[EXERCISE REQUIREMENTS]
What is needed is a word-for-word copy of the listing below, without pictures.

[Opening INFORMATION SUPPLIED section]

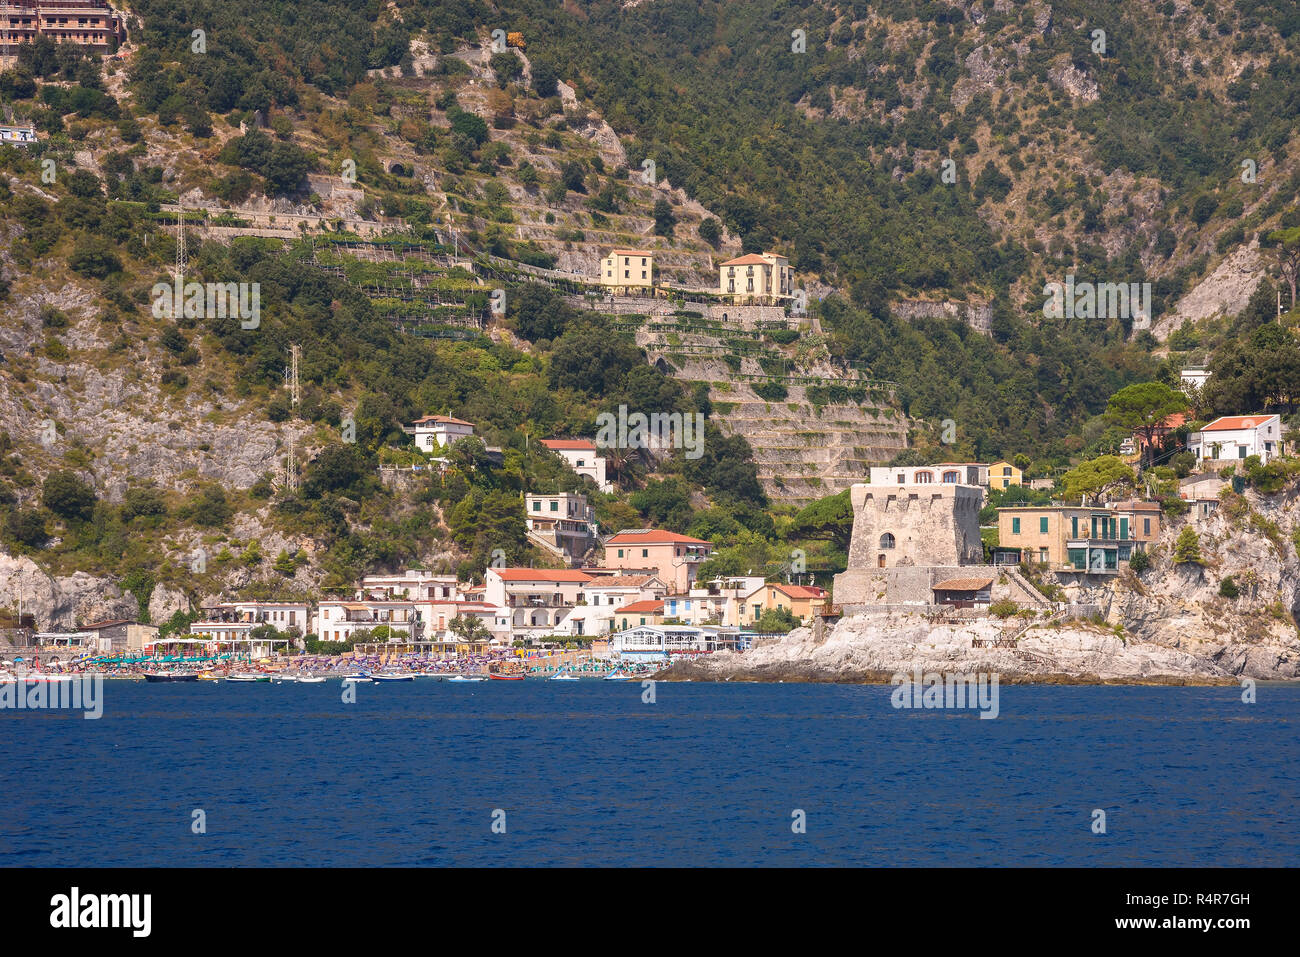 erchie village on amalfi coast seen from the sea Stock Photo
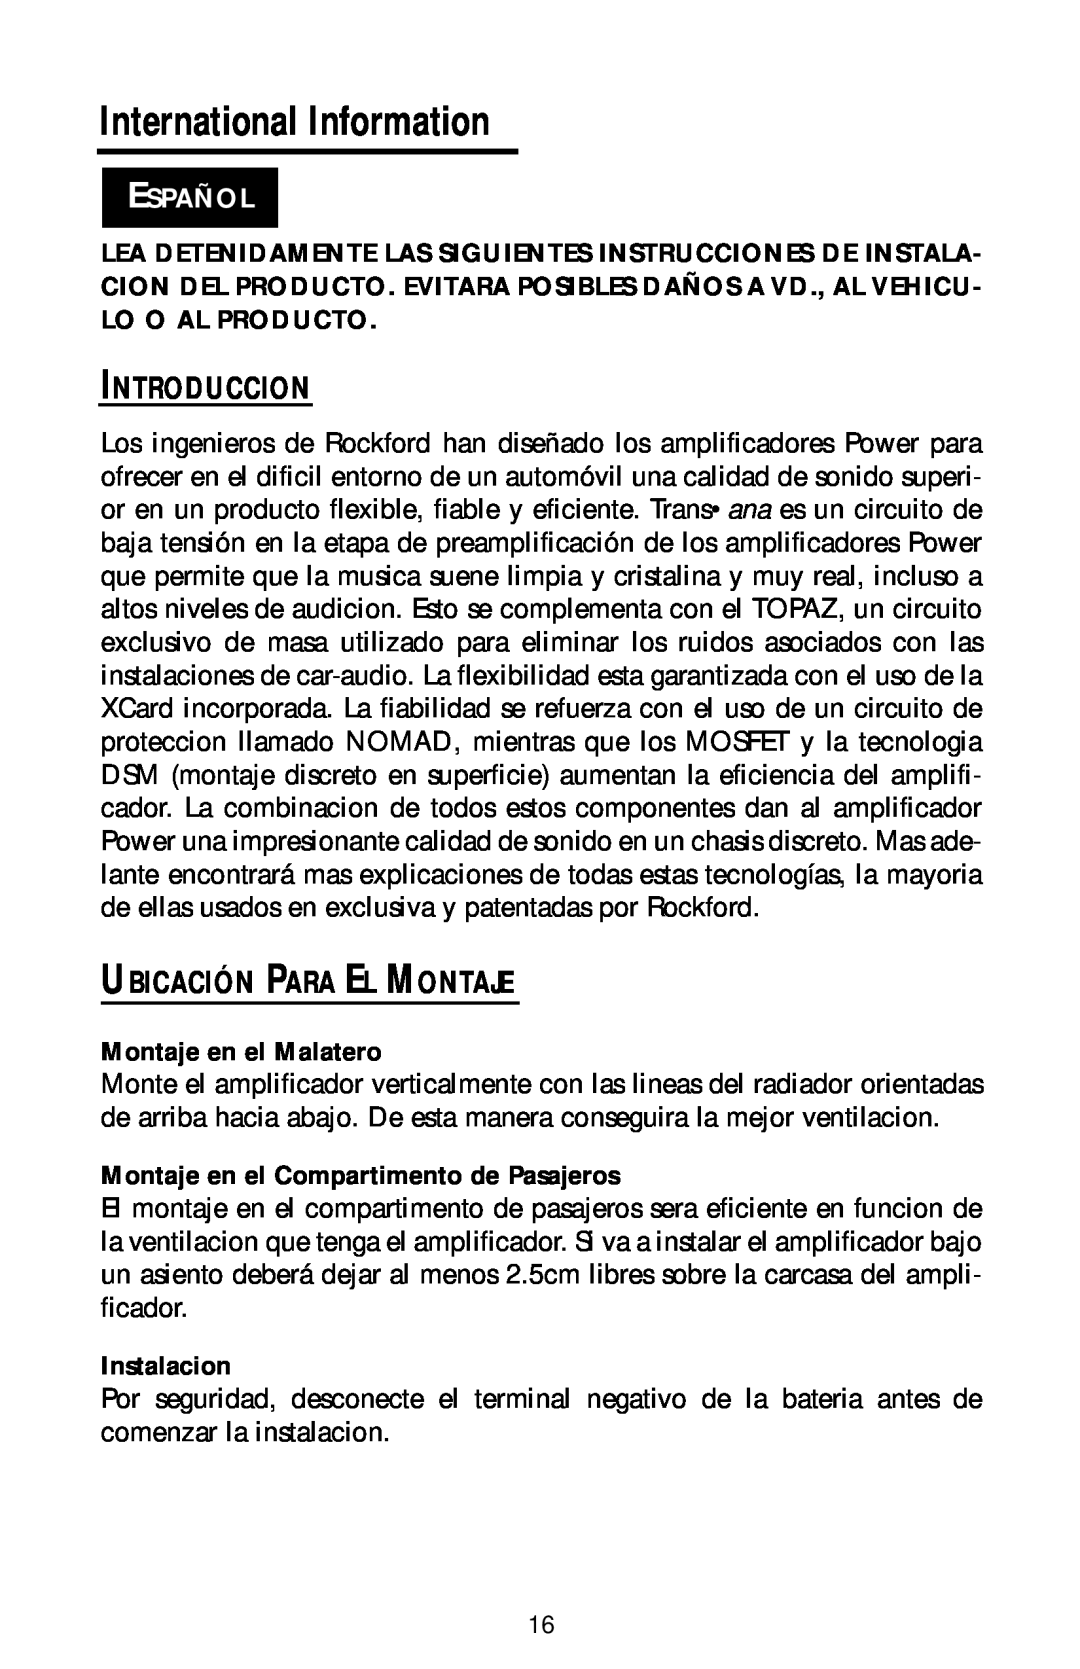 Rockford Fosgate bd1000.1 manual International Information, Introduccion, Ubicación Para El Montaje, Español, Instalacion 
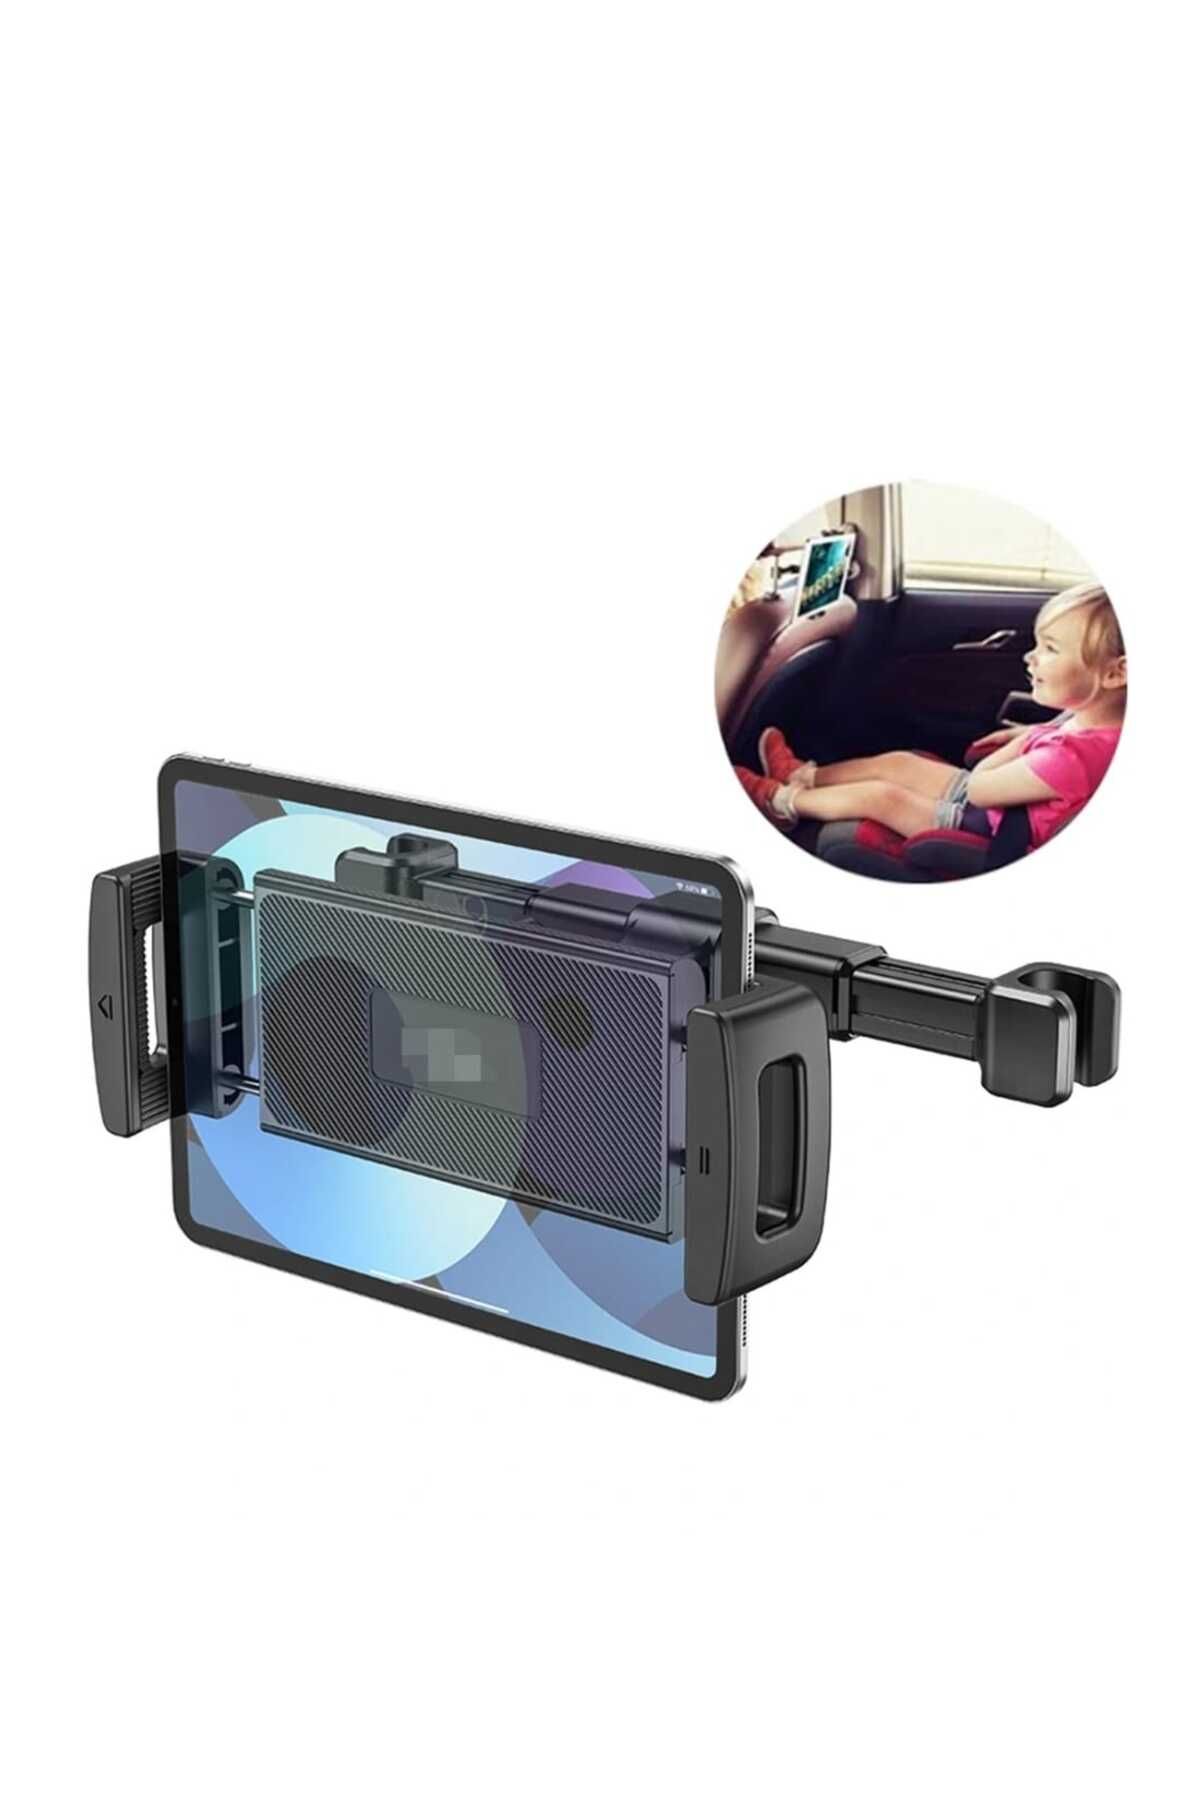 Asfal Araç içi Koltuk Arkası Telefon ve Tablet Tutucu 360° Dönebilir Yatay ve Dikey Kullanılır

[Closing INFORMATION SUPPLIED section]

[TASK RESULT]
 erchie village on amalfi coast seen from the sea Stock Photo
 Rockford Fosgate bd1000.1 manual International Information, Introduccion, Ubicación Para El Montaje, Español, Instalacion 
 Asfal Araç içi Koltuk Arkası Telefon ve Tablet Tutucu 360° Dönebilir Yatay ve Dikey Kullanılır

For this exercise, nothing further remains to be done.